Da Sary Tash a Murghab passando per Karakul in Tajikistan (prima e seconda parte)
[Day 150] Due giorni di ordinaria follia da Sary Tash (Kyrgyzstan) a Murghab (Tajikistan) – prima parte
Stiamo bevendo del the caldo nel casottino dove vivono i militari alla frontiera tajika, poco piu avanti di Kyzyl-Art a 4200m. Con noi ci sono quattro gentilissimi militari, qualcuno sdraiato sul proprio letto, qualcuno siede vicino a noi. Niente paura, non siamo stati arrestati. Il taxi che ci aveva tirato su a sary tash ci ha accompagnato fino al confine e ora dobbiamo trovare un mezzo con cui procedere oltre. Ma mezzi non ne passano, di solito varcano il confine una 20 di persone al giorno ma 15 di queste sono cicloturisti. “Mi sa che stanotte dovrete dormire con noi” scherza uno dei militari e l’idea non è poi cosi bislacca. Passa una macchina di turisti polacchi ma sfortunatamente il giorno d’ingresso nel paese dichiarato nel visa è domani e quindi devono tornare indietro. La frontiera di Kyzyl-art è una delle piu assurde che abbia mai visto: in mezzo a montagne mozzafiato ci sono due cisterne da trasporto benzina vuote adibite a stazioni di sorveglianza, un edificio mezzo distrutto e dei container. Una roba da videogame sci-fi.

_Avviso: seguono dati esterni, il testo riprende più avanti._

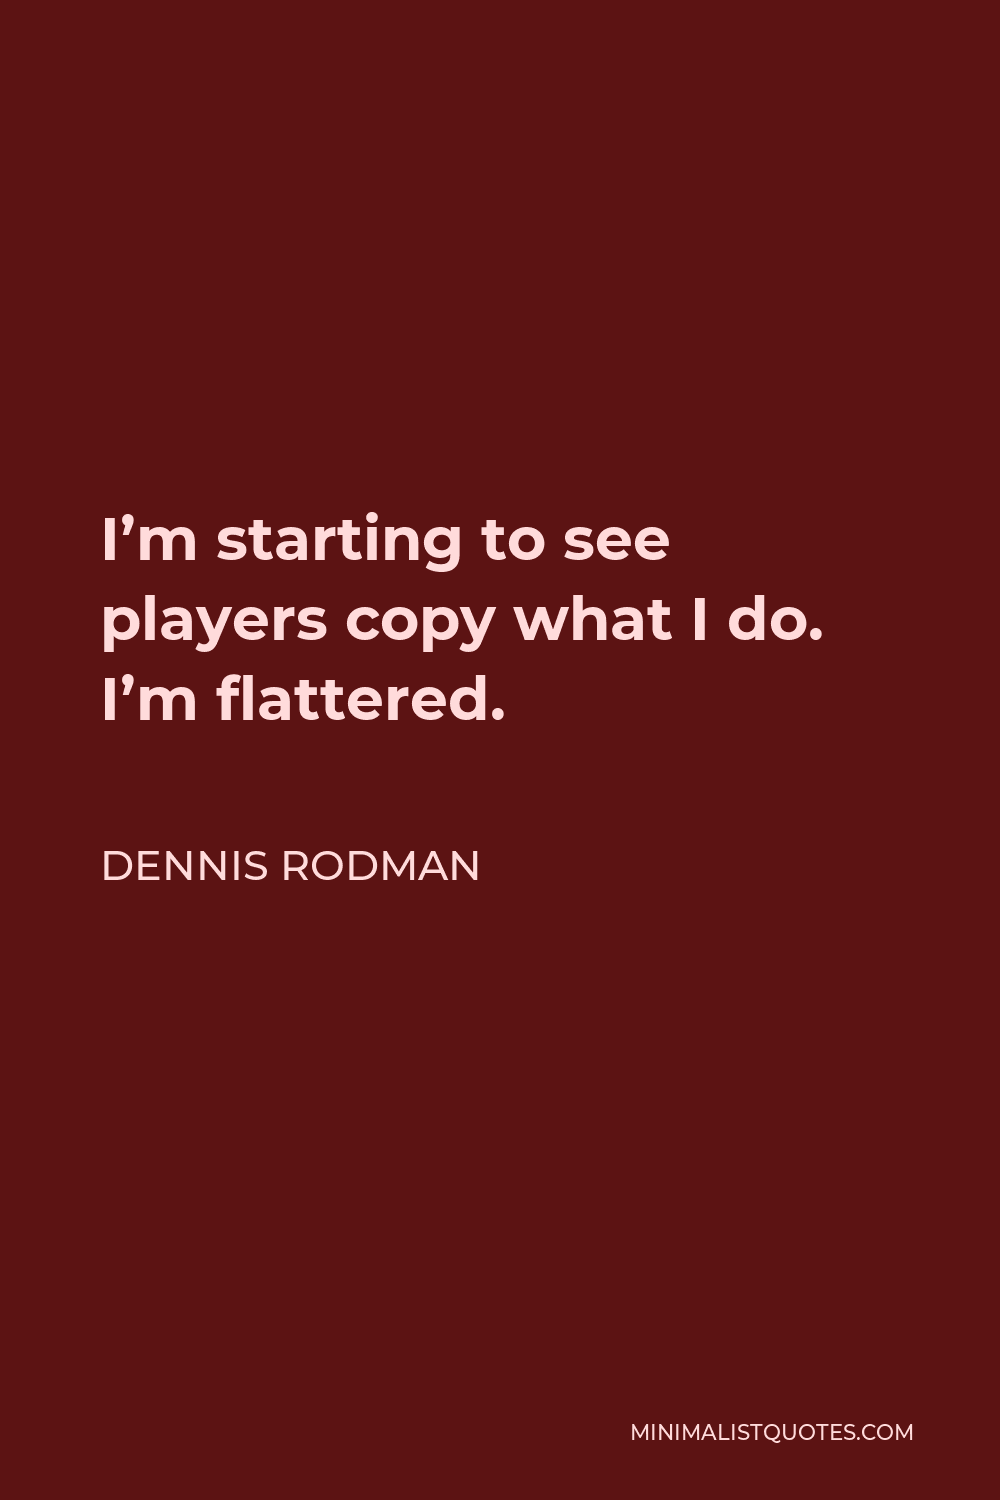 Dennis Rodman Quote - I’m starting to see players copy what I do. I’m flattered.

Dopo due ore riusciamo ad ottenere un passaggio fino a Karakul da una jeep tajika che faceva da accompagnamento ad una spedizione tedesca di ciclisti e che ora, finito il tour, deve tornare indietro. Il tipo tajiko in macchina è molto simpatico e parla un ottimo inglese, si lamenta tutto il tempo di quei tedeschi, delle loro fissazioni e del loro modo di guardarti dall’alto verso il basso. “Gli italiani sono i migliori: sorridono sempre, poi li fai mangiare e sono subito contenti” Noi ce la ridiamo e concediamo una timida solidarietà. Il paesaggio è stupefacente, montagne che sembrano sciogliersi e ampi deserti bruni, una vastità che ti toglie il fiato. Arriviamo a Karakul sani e salvi ma manca ancora molto alla meta finale: Murghab.
[Day 151 e 152] Due giorni di ordinaria follia da Sary Tash (Kyrgyzstan) a Murghab (Tajikistan) – seconda parte
Zahir è la perfetta introduzione al tajikistan. Ha la mia stessa età ed ha questo spirito romantico old school e questa tenerezza di fondo che non gli si può non volere bene. Era la guida ciclista dei famigerati tedeschi e anche lui rilancia il carico dicendo che si è sentito offeso dalla loro arroganza. Oltretutto ora deve tornare in qualche modo a casa sua, a Khorog, 144 chilometri da Karakul, dove pernotteremo: decide quindi di unirsi a noi in un arduo tentativo di autostop. Zahir lavora anche come volontario in un centro per anziani e conosce bene la storia e cultura tajika: ci parla delle differenze tra musulmani ismaeliti e sunniti nel paese (i primi popolano il pamir, i secondi il tajikistan occidentale), del rischio di fondamentalismo islamico, della guerra civile tra il 92 e il 95 e il conseguente isolamento del Gorno-Badakshan, degli investimenti ed elargizioni dell’Aga khan in Pamir.
Siamo a cena con lui e Sasha, motociclista bielorusso ed è incredibile notare quanto lui e Zahir abbiano in comune: siamo in tajikistan eppure Zahir fa fatica a parlare con i locali perché parlano solo kirghiso ma con Sasha che si trova a 10000km di distanza è come se si fossero sempre conosciuti: potenza dell’imperium sovietico. Dal canto nostro invece, il commissario Cattani aka Michele Placido è la solita arma segreta per intenerire gli ex-sovietici di tutto il mondo.
L’autostop si prospetta impossibile: dalle 3 del pomeriggio fino alle 12 di mattina del giorno successivo passa una sola macchina ma è piena. A karakul non c’è corrente elettrica, non c’è acqua corrente e non c’è connessione telefonica. Zahir decide di abbandonarci e tenta di tornare a casa in bici, alle ha problemi di stomaco. Rimango io come un pirla ad attendere una macchina sul ciglio della strada mentre leggo “Imperium” di Kapuscinski nel mezzo del nulla: la depressione sovietica è quindi doppia.
Poi, in maniera inaspettata, verso le 12:30, compare una jeep verde scuro.